FIXED: New FM8 Tutorial

At the Cartographers' Guild, Silverleaf has posted a new FM8 PDF Tutorial detailing how to make the old D&D blue-and-white style dungeon maps. For more information:


  • As I am an old school gamer/GM, I was very excited about this tutorial &c. But is anyone else having the following problem? I have installed the graphics packages & they will post correctly to the working map. But? I see the graphics are bumps and I am not sure if that is causing my problems. I literally can't 'see' the graphic shape in the selection window. All I can see is a white box for all symbols. Is it the particular shade of blue being used? Is it that they are bumps & not .PNG's? Rather frustrating when you can't see what you are doing & have to work by trial & error. :(

    This might also be a post for a wish list for FM9? It would be rather nice if a mouse-over the symbol would pop up a windowed 'description' or even file name. Not only would it be useful in this situation, but I am also thinking of things like the wonderful buildings In Mark Oliva's groups like 'farm buildings' or such. If I am not making myself clear, I am thinking on the lines of mousing over an icon & getting a pop up like 'blacksmith', 'foundry' 'bakery' or 'tavern, 25 tables' and so forth.
  • I think I've managed to fix the problem. I repackaged the graphic files from Dragonfoot that Silverleaf recommended and added default.xml files to scale them correctly. As a result, a few things need to be done differently than in the tutorial. First of all, I'd suggest this background and line color rather than the color recommended by Silverleaf:

    Then, instead of downloading the symbols as recommended, download this version:

    These are the same symbols as on the Dragonfoot site but packaged for FM8. I posted them on our website rather than on the NBOS site because the usage restrictions prohibit redistribution on commercial websites. The usage restrictions are in the download in the file license.txt.

    After you've downloaded the zip file, unzip it into the FM8 folder MapArt (only there will it work right). With a default installation of FM8, the path starts in C:\Program Files or - if you're using Windows 7 or Vista 64-Bit - in C:\Program Files (x86). Here's the rest of the path:

    The will create the folder Classic Blue Tiles and the subfolders Cavern Rooms and Dungeon Tiles, as shown above.

    If you close and reopen FM8, you'll find the symbol set Classic Blue Tiles added with two categories. The first is called Cavern Rooms:

    The second is called Dungeon Tiles:

    Now ... when you work with Silverleaf's tutorial, follow his instructions until you reach Step 9, where he tells you to export your map.
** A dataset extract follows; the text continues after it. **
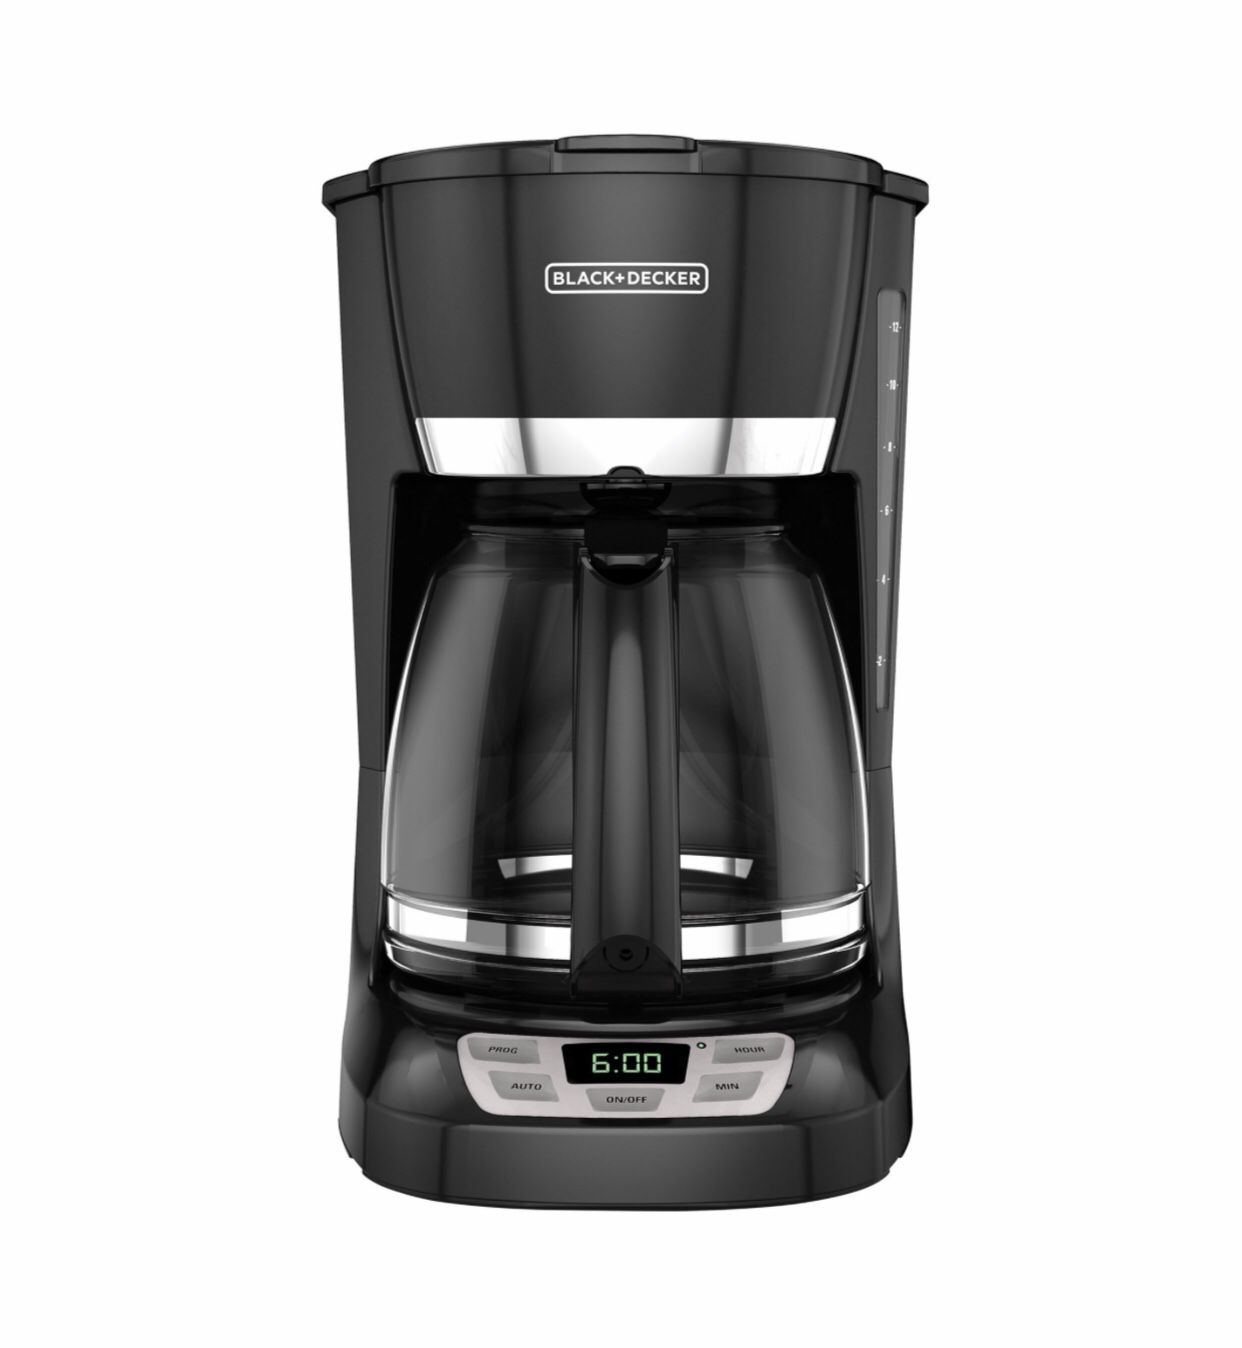 EVERYTHING MUST GO! Black and Decker small coffee maker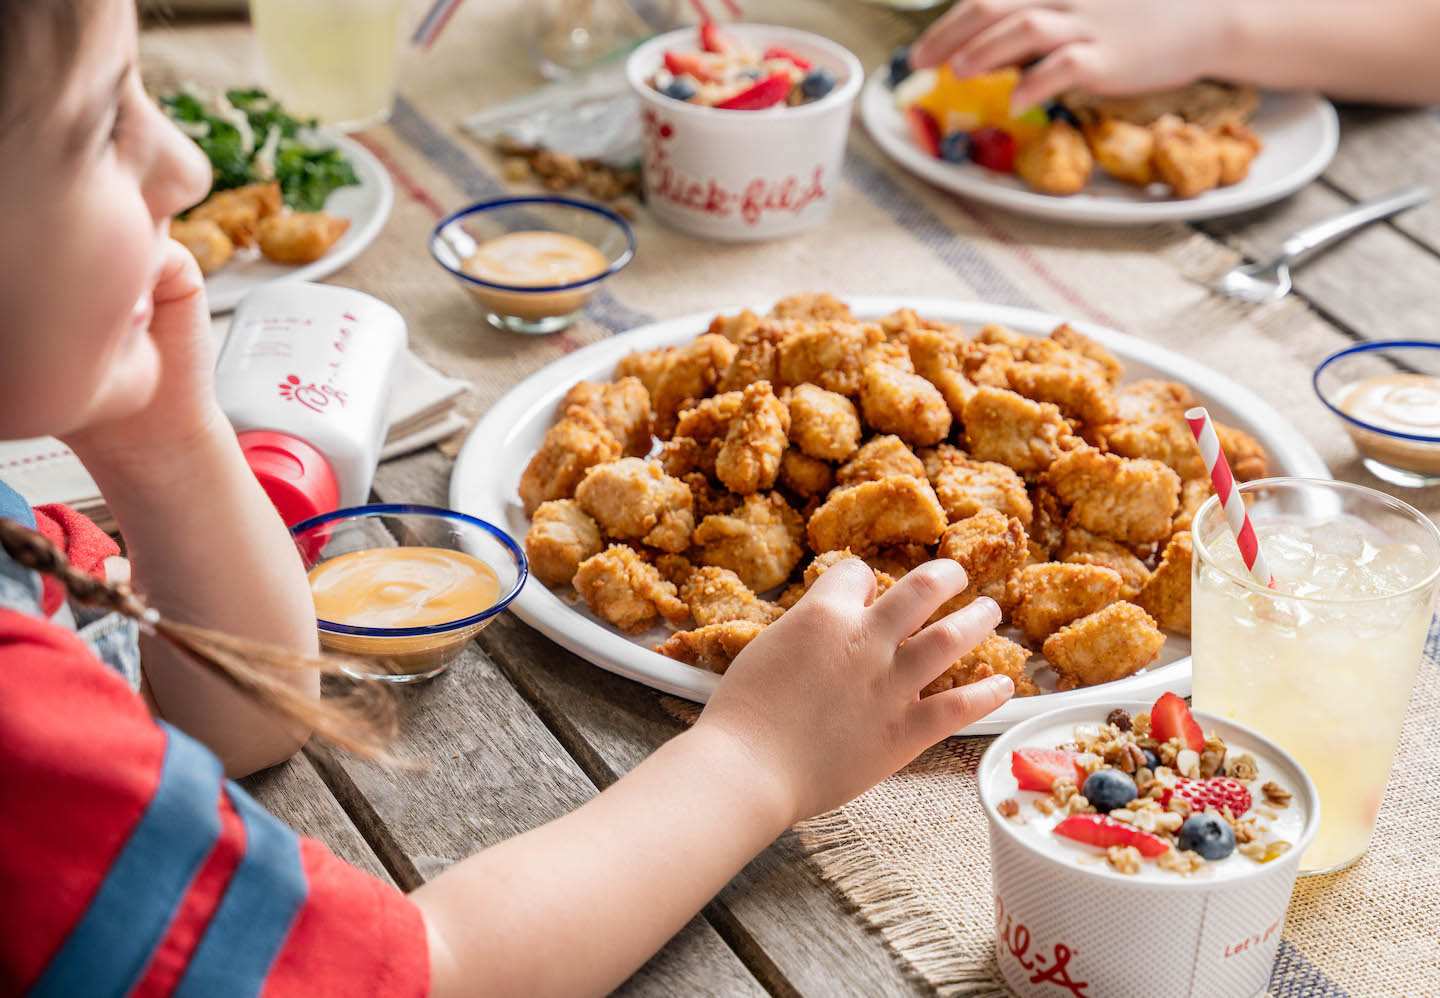 Can We Guess Your Age and Gender Based on Your Chick-fil-A Order? Chick-fil-A nuggets

There's no longer any need to export. Simply stamp the symbols that you want on top of your map at the desired positions. The Dragonfoot graphics noiw work as normal FM8 raster symbols. One square in a symbol will scale to 10 by 10 feet, as recommended by Silverleaf.
  • Hiya guys,

    I received a PM from Mark over at Cartographer's Guild about this issue.

    First off my thanks to Mark for helping correct the issue that existed with the tiles from the archive at DragonsFoot. I never considered opening them in FM 8, simply because I tended to export the map as a png then alter the classic symbols as I needed in Paint Shop Pro. Truth be told, the XML gives me shivers. lol

    I'm glad the symbols have been repackaged for FM 8 - so what I can do in the next couple weeks is go through and change the tutorial to include this updated info. I'll finish college classes for this fall semester then have 3 weeks off.


  • :D Thanks so much everybody on all your hard work - 1st, to go through all the work of doing this in the first place - and 2nd, for fixing this little niggling detail.

    Respectfully yours,
    Dave Tait
  • Ah, now that brings back memories! :-)
  • Hi guys,

    Great tutorial Silverleaf, and thanks to Mark for repackaging the tiles. Whether for nostalgia or clarity, this map style will always be one of my favourites!